Inherit ResultCallback<RecognitionResult> and implement its methods. RecognitionResult encapsulates the server response.
Java supports connection reuse, so there are no onClose or onOpen methods.
Example
Example
| Interface/Method | Parameters | Return value | Description |
|---|---|---|---|
public void onEvent(RecognitionResult result) | result: Real-time recognition result (RecognitionResult) | None | Called when the server returns a result. |
public void onComplete() | None | None | Called when recognition completes successfully. |
public void onError(Exception e) | e: Exception information | None | Called when an error occurs. |
Response results
Real-time recognition result (RecognitionResult)
RecognitionResult represents a single recognition result.
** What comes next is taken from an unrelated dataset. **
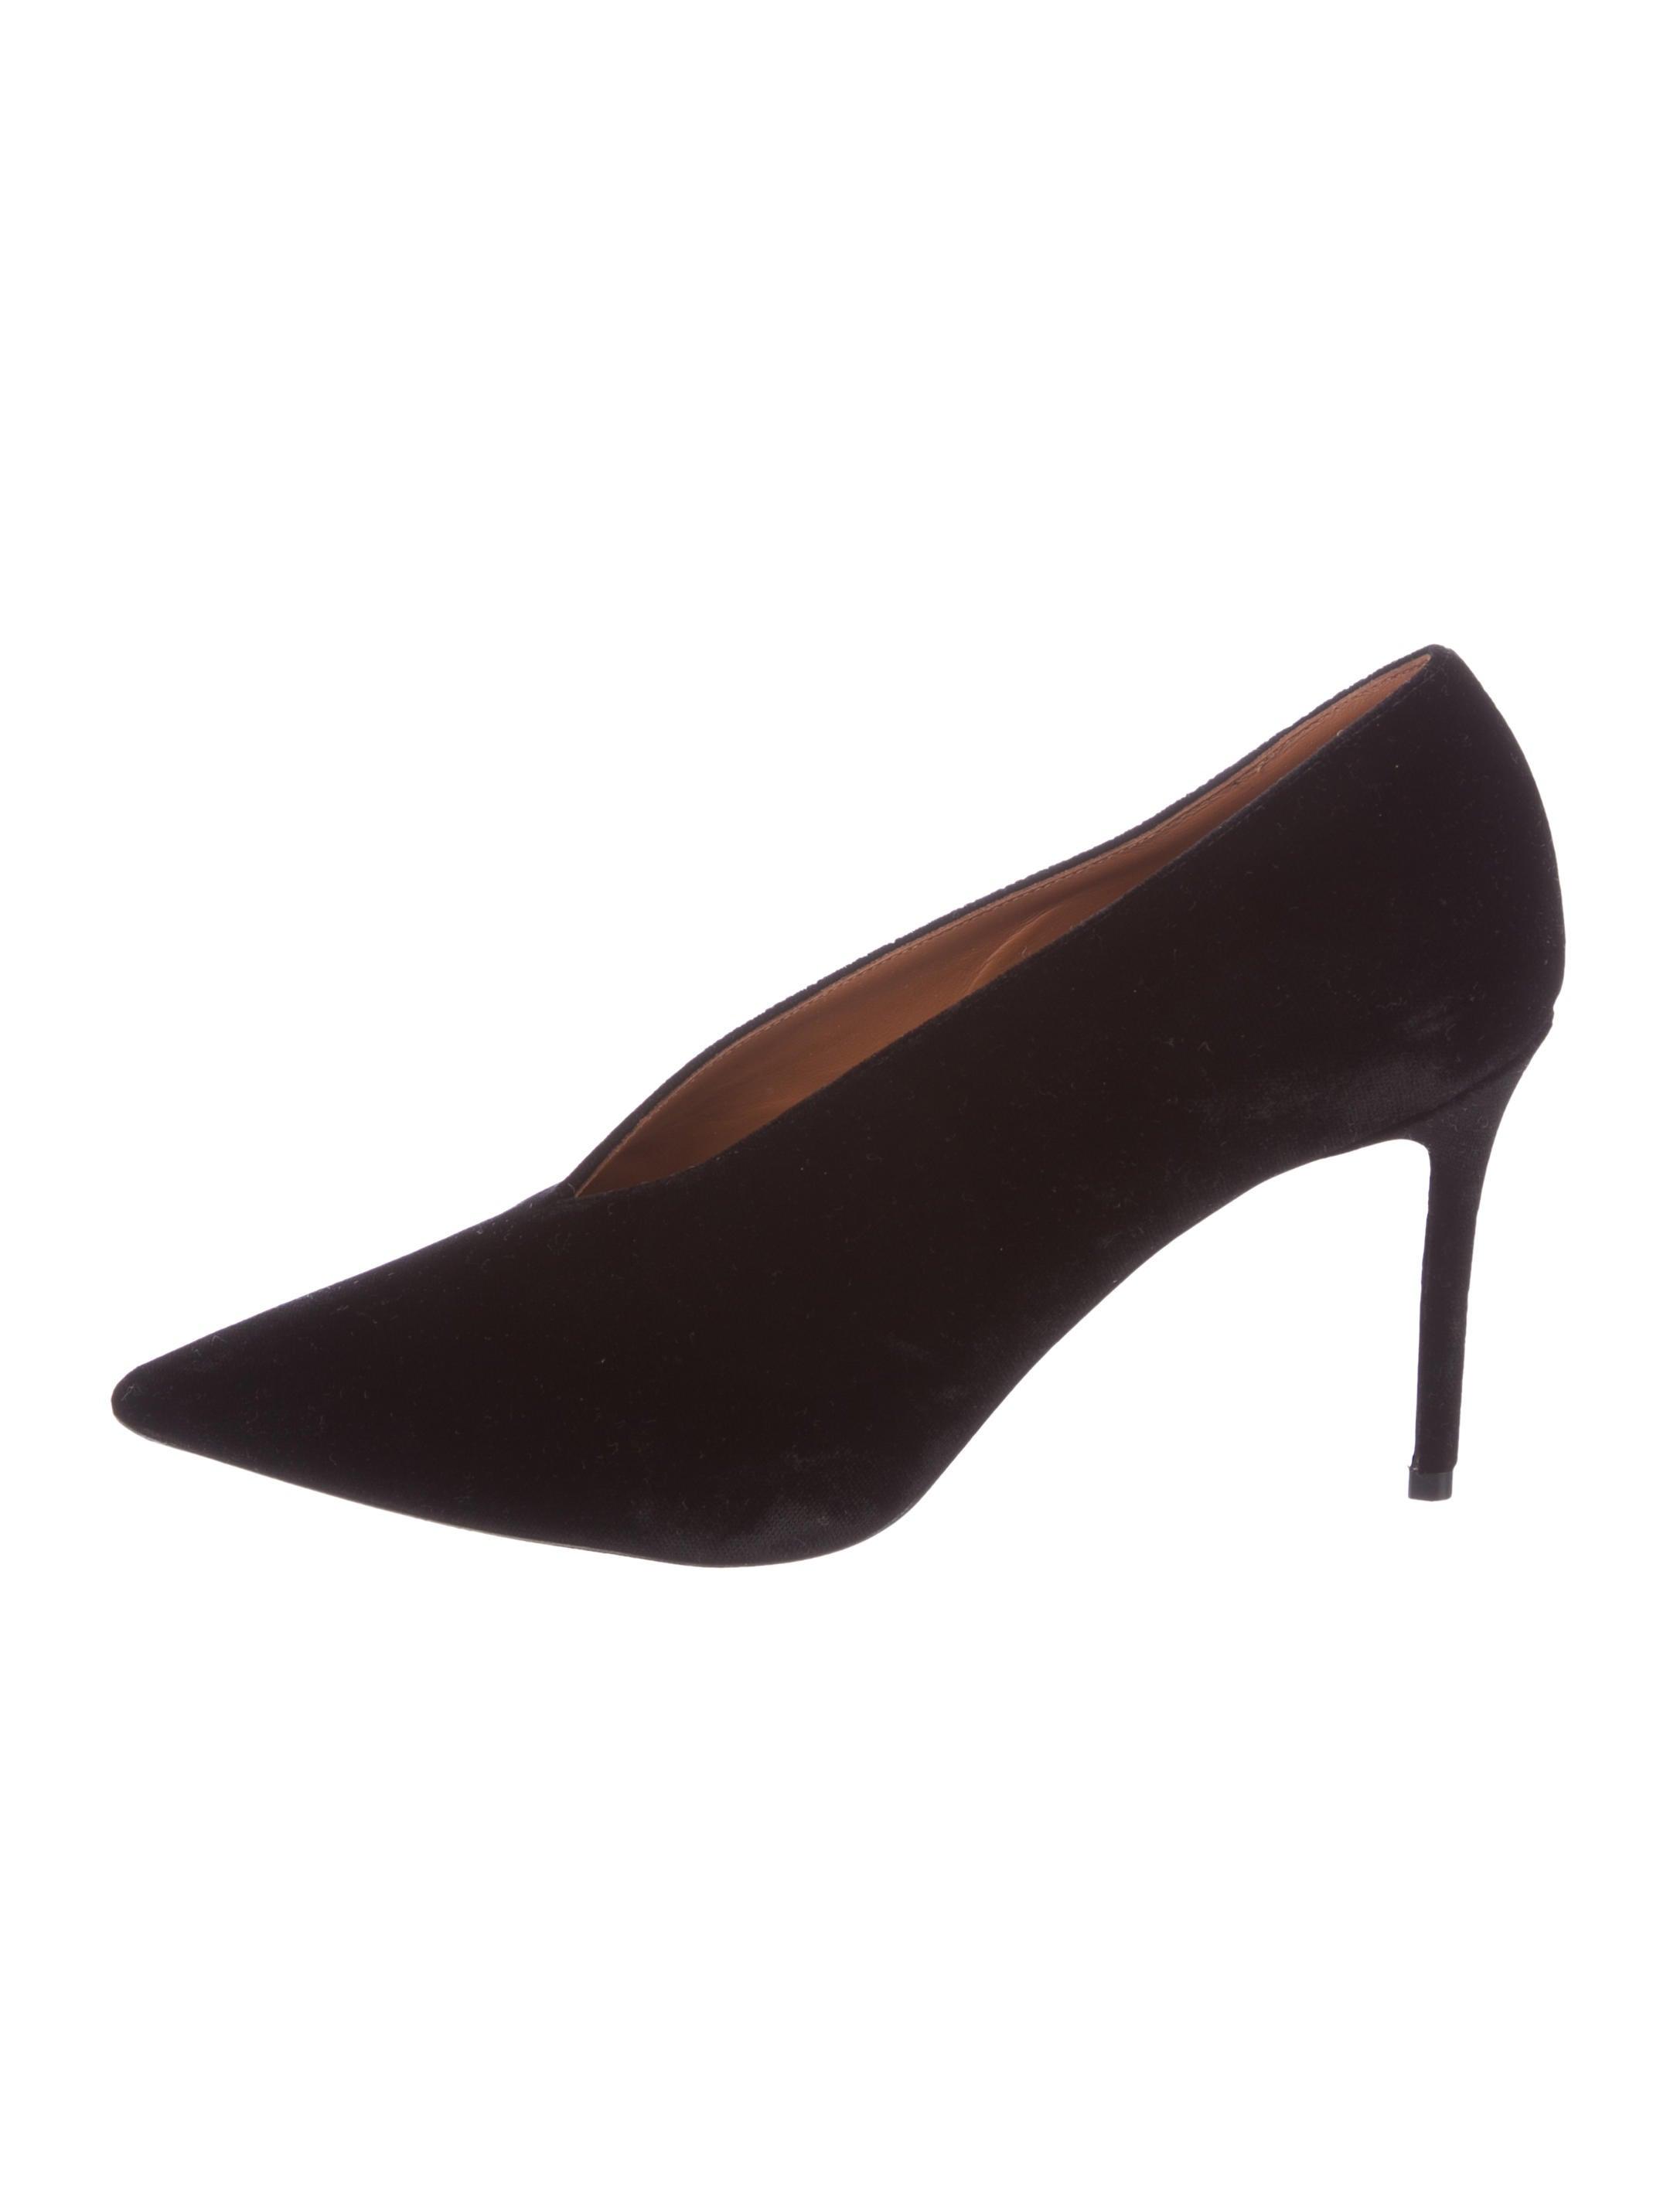 Céline Velvet Pointed-Toe Pumps free shipping ebay clearance finishline Y9aQJiaJx

| Interface/Method | Parameters | Return value | Description |
|---|---|---|---|
public String getRequestId() | None | requestId | Gets the request ID. |
public boolean isSentenceEnd() | None | Whether the sentence has ended | Returns whether the current sentence has ended (final result). |
public Sentence getSentence() | None | Sentence | Gets sentence information including timestamps and text. |
Sentence information (Sentence)
| Interface/Method | Parameters | Return value | Description |
|---|---|---|---|
public Long getBeginTime() | None | Sentence start time, in ms | Returns the sentence start time. |
public Long getEndTime() | None | Sentence end time, in ms | Returns the sentence end time. |
public String getText() | None | Recognized text | Returns the recognized text. |
public List<Word> getWords() | None | A List of Word timestamp information (Word) | Returns word timestamp information. |
Word timestamp information (Word)
| Interface/Method | Parameters | Return value | Description |
|---|---|---|---|
public long getBeginTime() | None | Word start time, in ms | Returns the word start time. |
public long getEndTime() | None | Word end time, in ms | Returns the word end time. |
public String getText() | None | Word | Returns the recognized word. |
public String getPunctuation() | None | Punctuation | Returns the punctuation. |